[Tutor] Finding the "streaks" in heads/tails list

Thu Oct 2 00:00:05 CEST 2008

> Regular expressions are for processing strings, not loops.

>From a theoretical point of view, this isn't quite true: regular
expressions can deal with sequences of things.  It's true that most
regular expression libraries know how to deal only with characters,
but that's a matter of specializing the library for efficiency, and
not a general property of regexes.

But what regular expressions (i.e. finite-state automata) can't do
very well is count with memory, and the task you're asking for is
fundamentally an anti-regexp one.

> I would loop through the list with a for loop, keeping track of the
> last value seen and the current count.
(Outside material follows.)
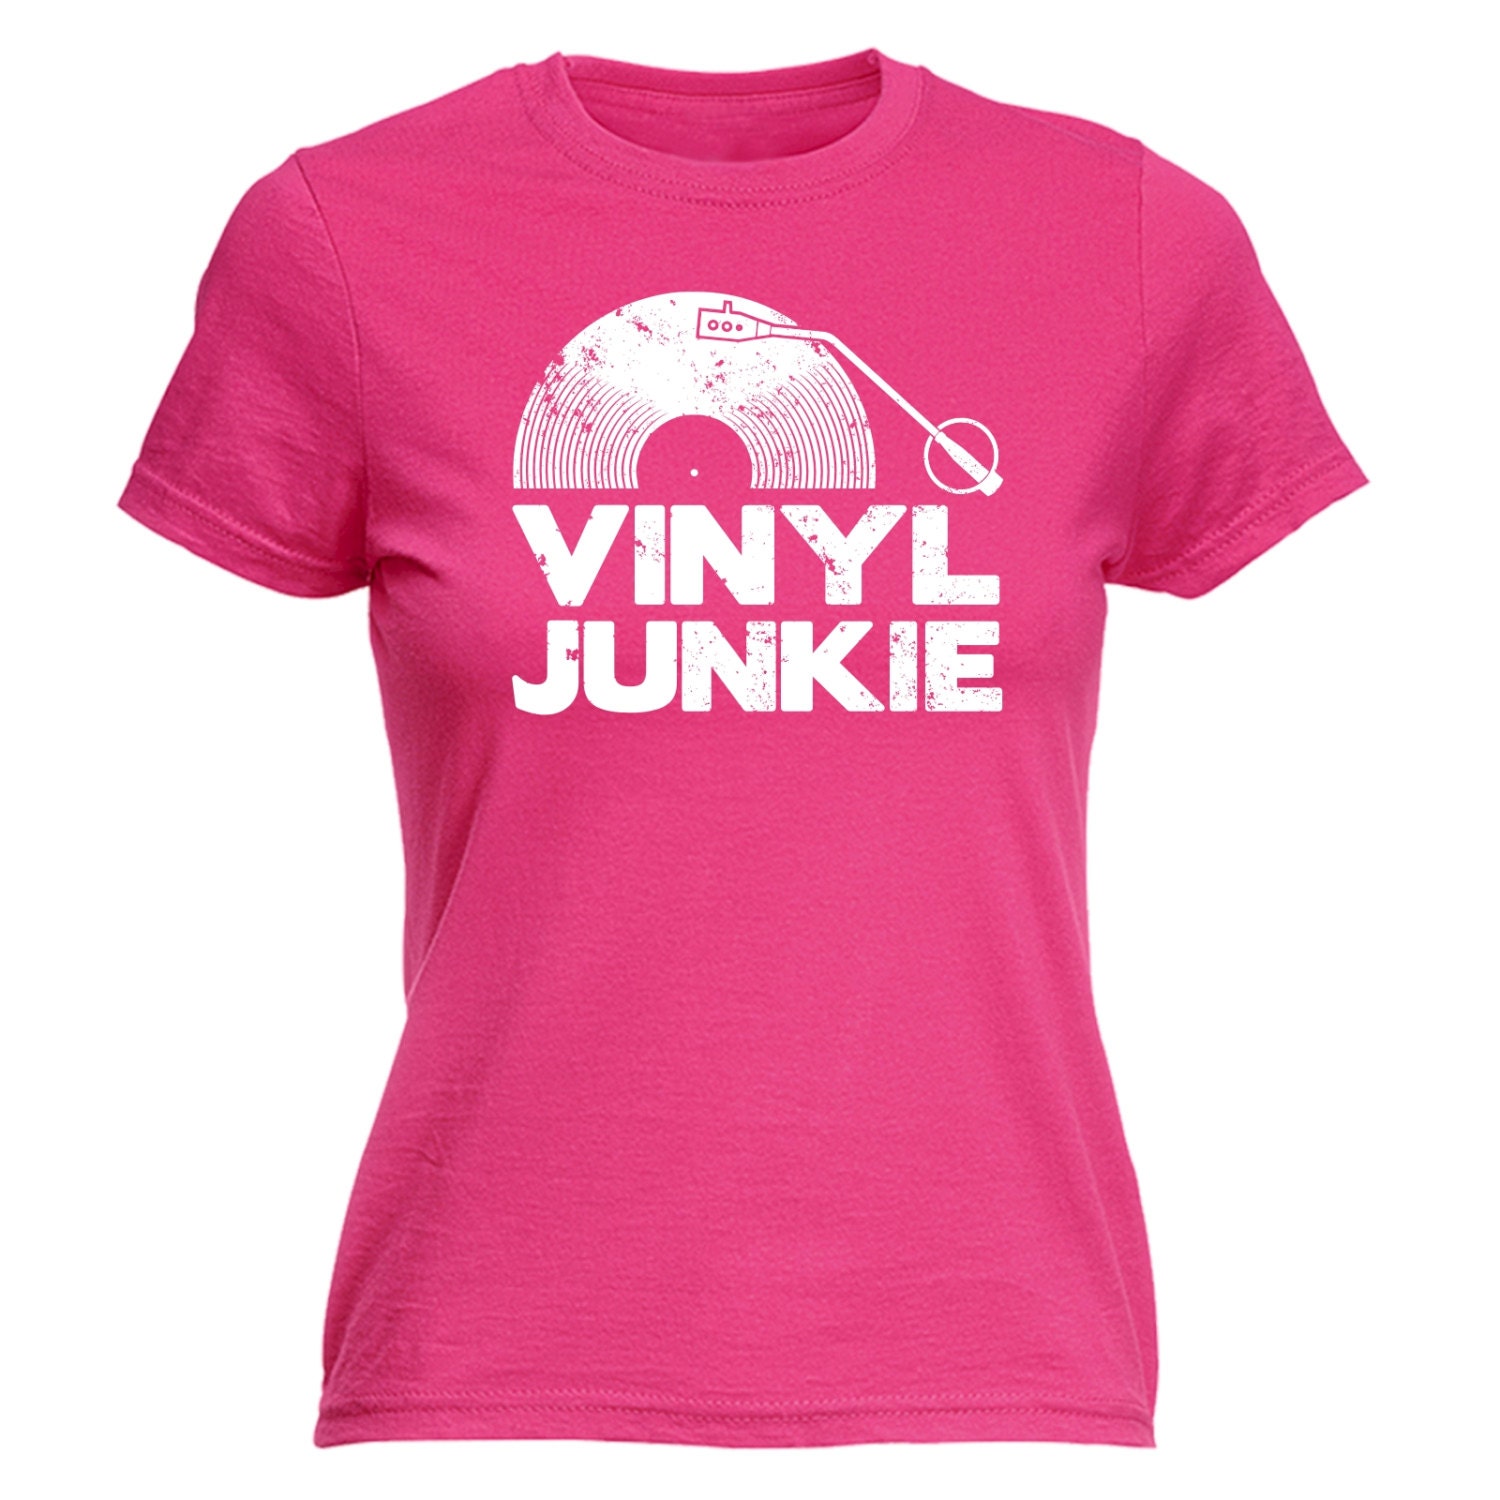 Women's Vinyl Tshirt Lady Fit Record T-Shirt Retro Vintage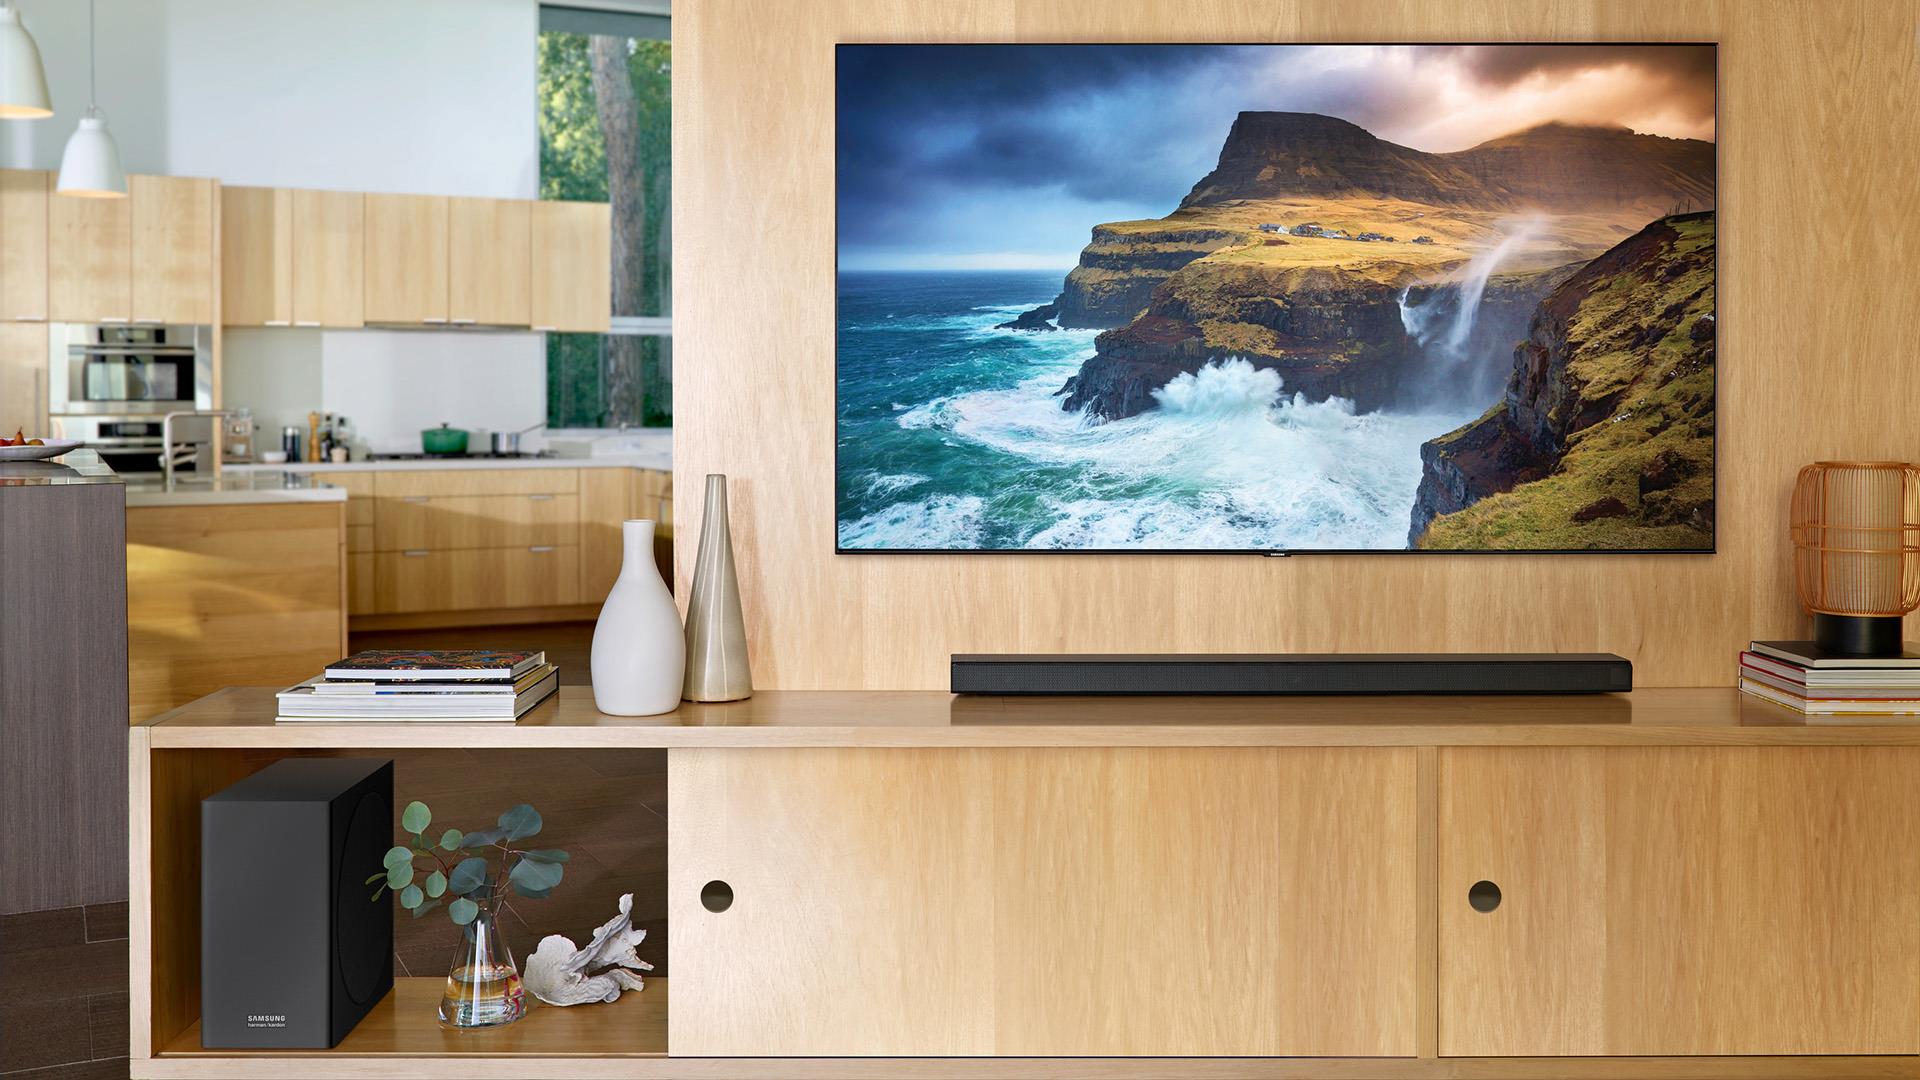 Mua TV lớn hơn 10 inch với giá không đổi, chương trình hấp dẫn từ Samsung - Ảnh 5.

If the current value is the
> same as the last, increment the count; if it is different, reset the
> count.

Agreed.  This seems direct.

If we want to be cute, we can also use the itertools.groupby()
function to do the clumping of identical sequential values for us.
For example:

#################################################
>>> for group in itertools.groupby('aaaabbbbcaaabaaaacc'):
...     print group[0], len(list(group[1]))
...
a 4
b 4
c 1
a 3
b 1
a 4
c 2
#################################################

See the standard library documentation for more details on itertools.groupby():

    http://www.python.org/doc/lib/itertools-functions.html